Sturtevant’s said the state of Nevada calculates the percentage of material which gets recycled in Nevada and in individual counties. For 1996, of all the trash produced in Nevada, 15 percent of it is recycled. The number is up from previous years, but the state’s goal is 25 percent.
The United State’s overall recycling rate has grown from 11 percent to 27 percent in the last 10 years.
Sturtevant said the information received from Douglas County is incomplete. Therefore, according to state reports, Douglas County recycled only 2.24 percent of its trash in 1996. She said she believes Douglas County’s rate is higher than that, and believes the county has the potential for much more.
Washoe County had a rate of 17.61 percent, the highest in the state; Carson City had a rate of 13.55 percent.

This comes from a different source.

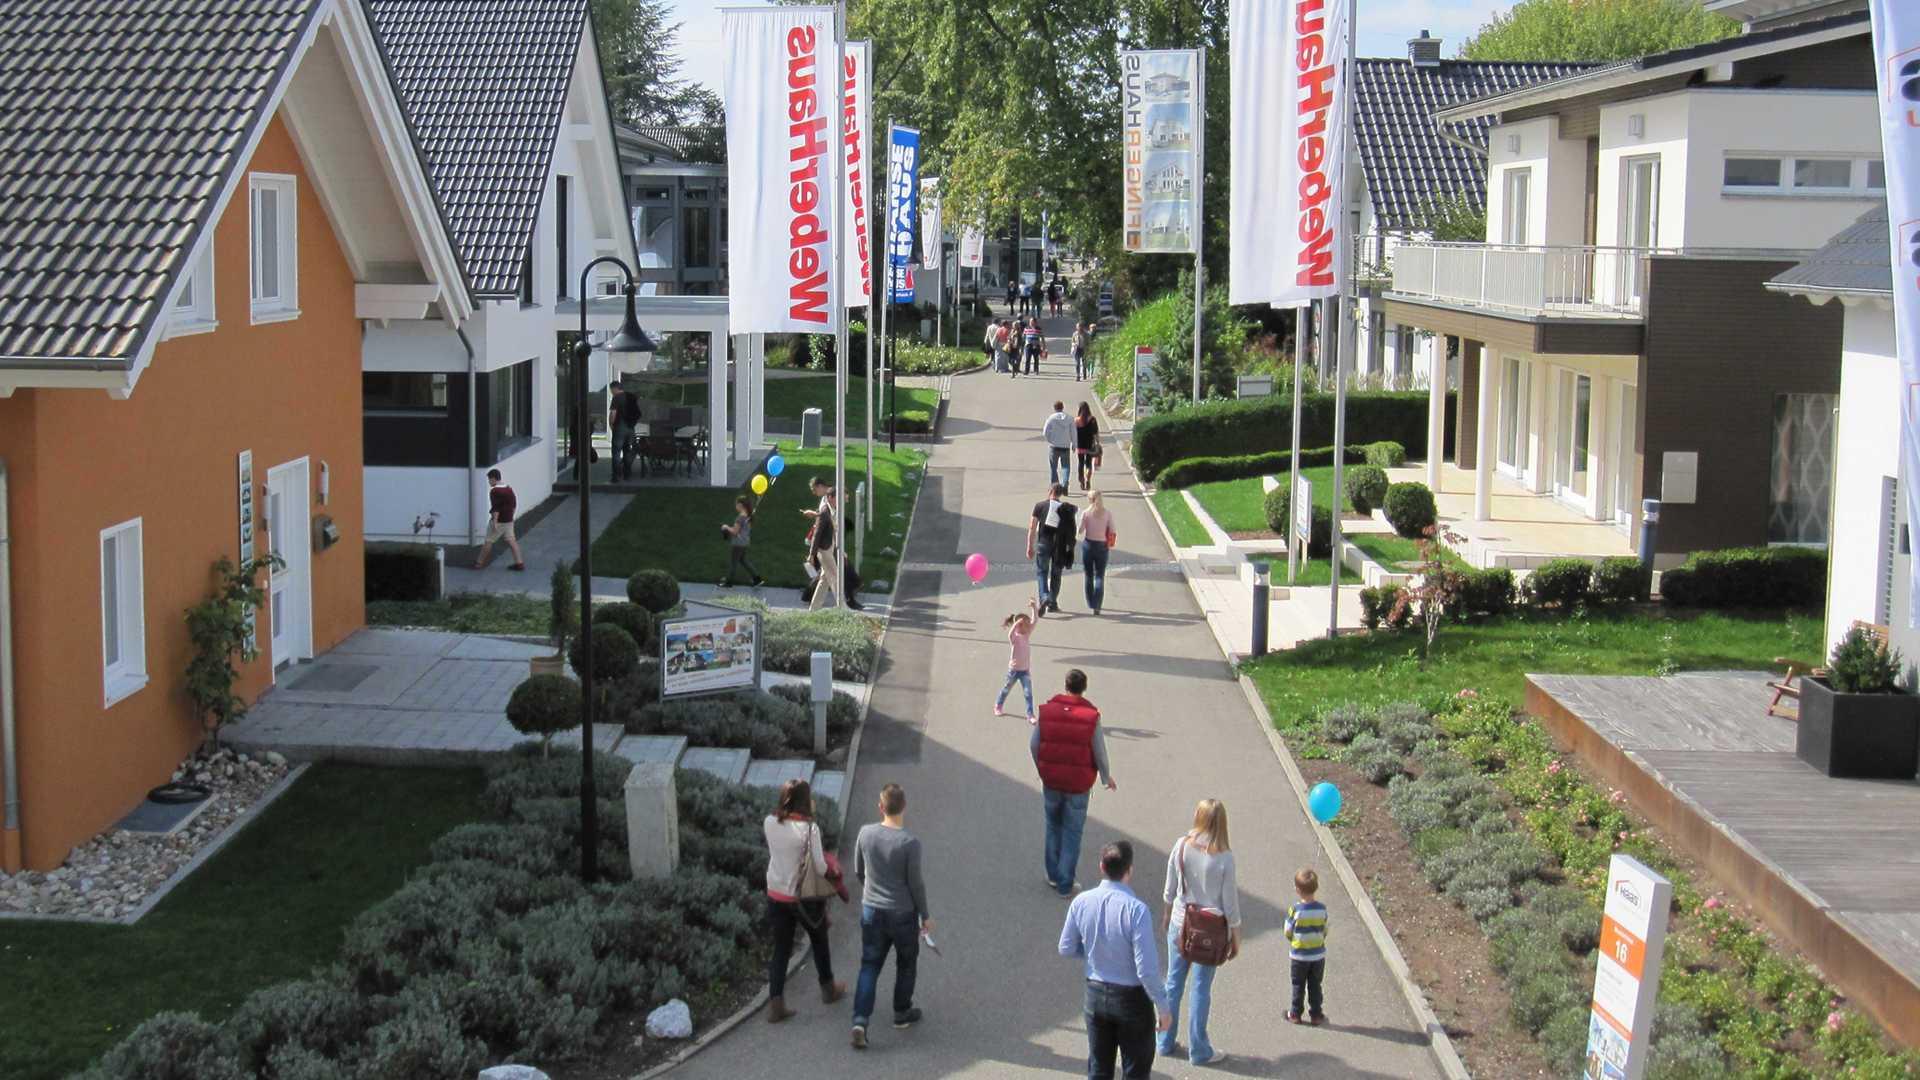 musterhausausstellung musterhauspark fellbach bei stuttgart

Sturtevant said the key to increasing recycling isn’t necessarily getting more residents to recycle through a curbside program. Having businesses recycle more will make the most impact. Businesses which do recycle save money because they decrease waste.
One of the difficulties in encouraging recycling in Nevada, according to Sturtevant, is that the state has a significant amount of space which could be used for landfills.
“In the East, and in the Midwest, the states have so many people and such little space,” she said. “We have few people and lots of space. But just because we have the space, it doesn’t mean we should fill it with trash.”
The price of curbside recycling could vary significantly, depending on factors such as how often the trash is collected, equipment used, manpower, transfer of the materials and preparation before transfer.
“There’s definitely costs involved,” Sturtevant said. “If that’s what people want, they may end up paying for it, too.”
State money is available to the county to help. Sturtevant said Douglas County is eligible to receive $15,000 a year from the state to help in recycling.
“The state is willing to help as much as we can,” she said. “We can’t go out and fund the whole thing, but that’s a start.”
But although both the Minden and Gardnerville town boards have discussed the idea recently, neither feels it is a feasible option at this point.
“We do have a lot of people ask us about it (curbside recycling),” said Hill, “We’re looking at ways to accommodate those people without spending a lot of money.”
Gardnerville’s board also recognizes recycling’s importance.
“We’ve talked about it a lot,” Pettitt said. “At this point in time, the board doesn’t feel Gardnerville can do it on its own.”